17. We fully agree with our development partners that the Anti-Corruption Law is a sine qua non component for effectively combating corruption. On this basis, while there is a need to ensure consistency among the inter-related laws as aforementioned, the Royal Government is strongly committed to finalizing this draft law as soon as possible. In this spirit, the RGC continues to cooperate and closely consult with relevant development partners in order to search for an efficient means aiming at coordinating different positions and pushing this process as quick as possible according to the needs of Cambodia.
18. The RGC has recognized the needs to create a civil service that is qualified and capable of providing efficient public services. In this sense, civil service reform remains on the top of our priorities. To deepen this reform in the medium term, the Council for Administrative Reform (CAR) has drafted six policy statements, as well as action plans to implement these policies. This represents a cohesive and inter-twinned strategy which focuses on long-term comprehensive reform. The RGC is clearly aware that one of the most important aspects of this civil service reform is to improve the incentives for civil servants to enhance the quality, efficiency and integrity of the whole civil service.
19. Indeed, the RGC and development partners have recently cooperated to pioneer an innovative approach by piloting the Merit Based Payment Initiative (MBPI) at the Ministry of Economy and Finance. This initiative is a program to provide incentives in the form of high salary to officials in accordance to their merit, qualifications and skills, but there is also a requirement to put in place an operational system with rigorous management.
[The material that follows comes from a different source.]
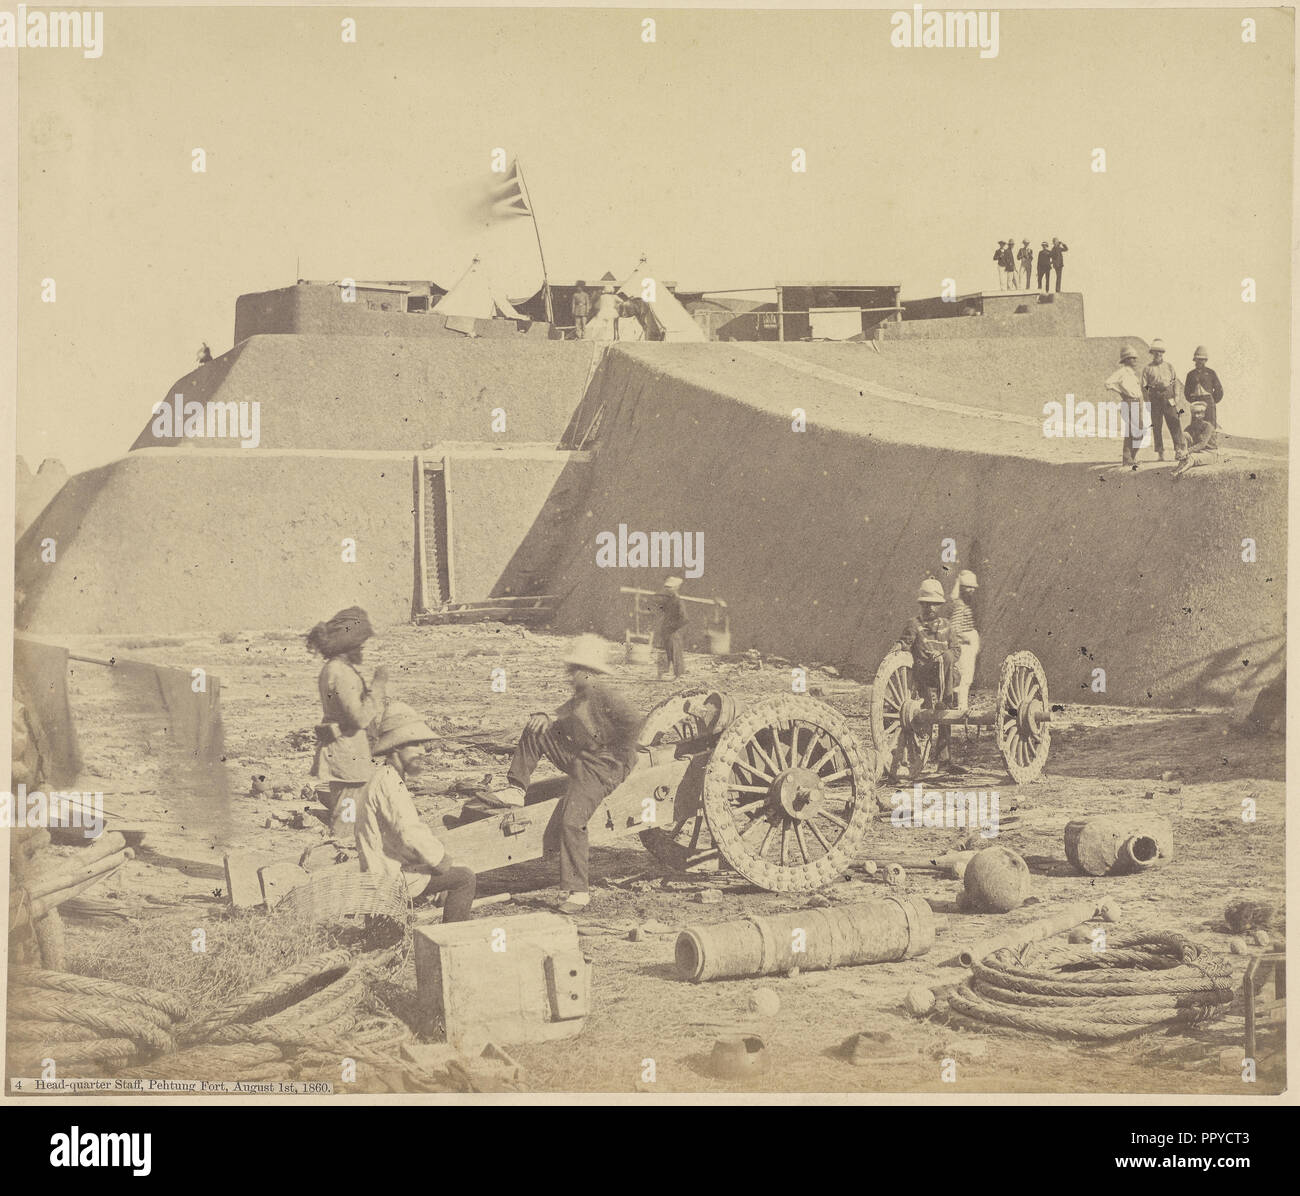 Headquarter Staff, Pehtang Fort; Felice Beato, 1832 - 1909, August 1, 1860; Albumen silver print Stock Photo
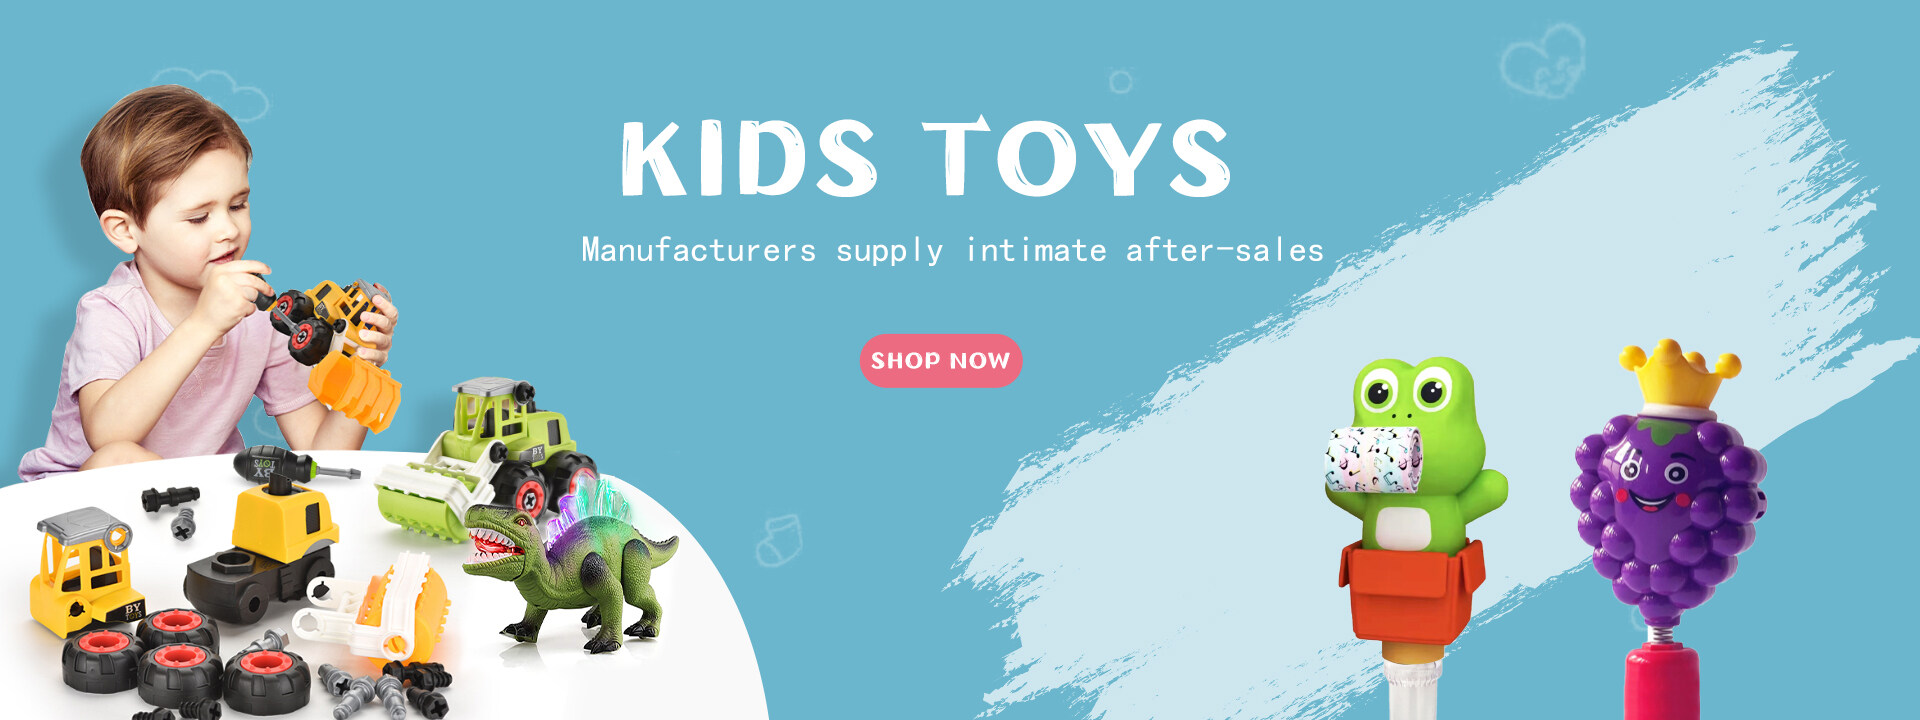 kids toys supplier, kids toys companies

20. I am aware that the success of the first phase implementation of this initiative at the Ministry of Economy and Finance has attracted other ministries such as the Ministry of Interior, the Ministry of Health and the Ministry of Commerce etc. requesting to implement the MBPI at their own ministries. Thus, I would like to encourage CAR to improve cooperation with the development partners and relevant ministries/institutions to expand coverage of the MBPI to make it more comprehensive in response to the needs of the RGC. Indeed, I am aware that MBPI has some additional special features comparing to the concept of Priority Mission Group (PMG) that the Royal Government is implementing at the same time in a number of ministries and agencies of the RGC. Therefore, to ensure the clarity of concept and policy as well as effectiveness and continuity in implementation, I would to request relevant ministries/institutions of the RGC and our development partners to organize a national workshop as soon as possible to discuss and to find consensus on a political and conceptual framework, as well as evaluate the progress and the needs to take some accommodations aimed at speeding up and accelerating this important reform agenda.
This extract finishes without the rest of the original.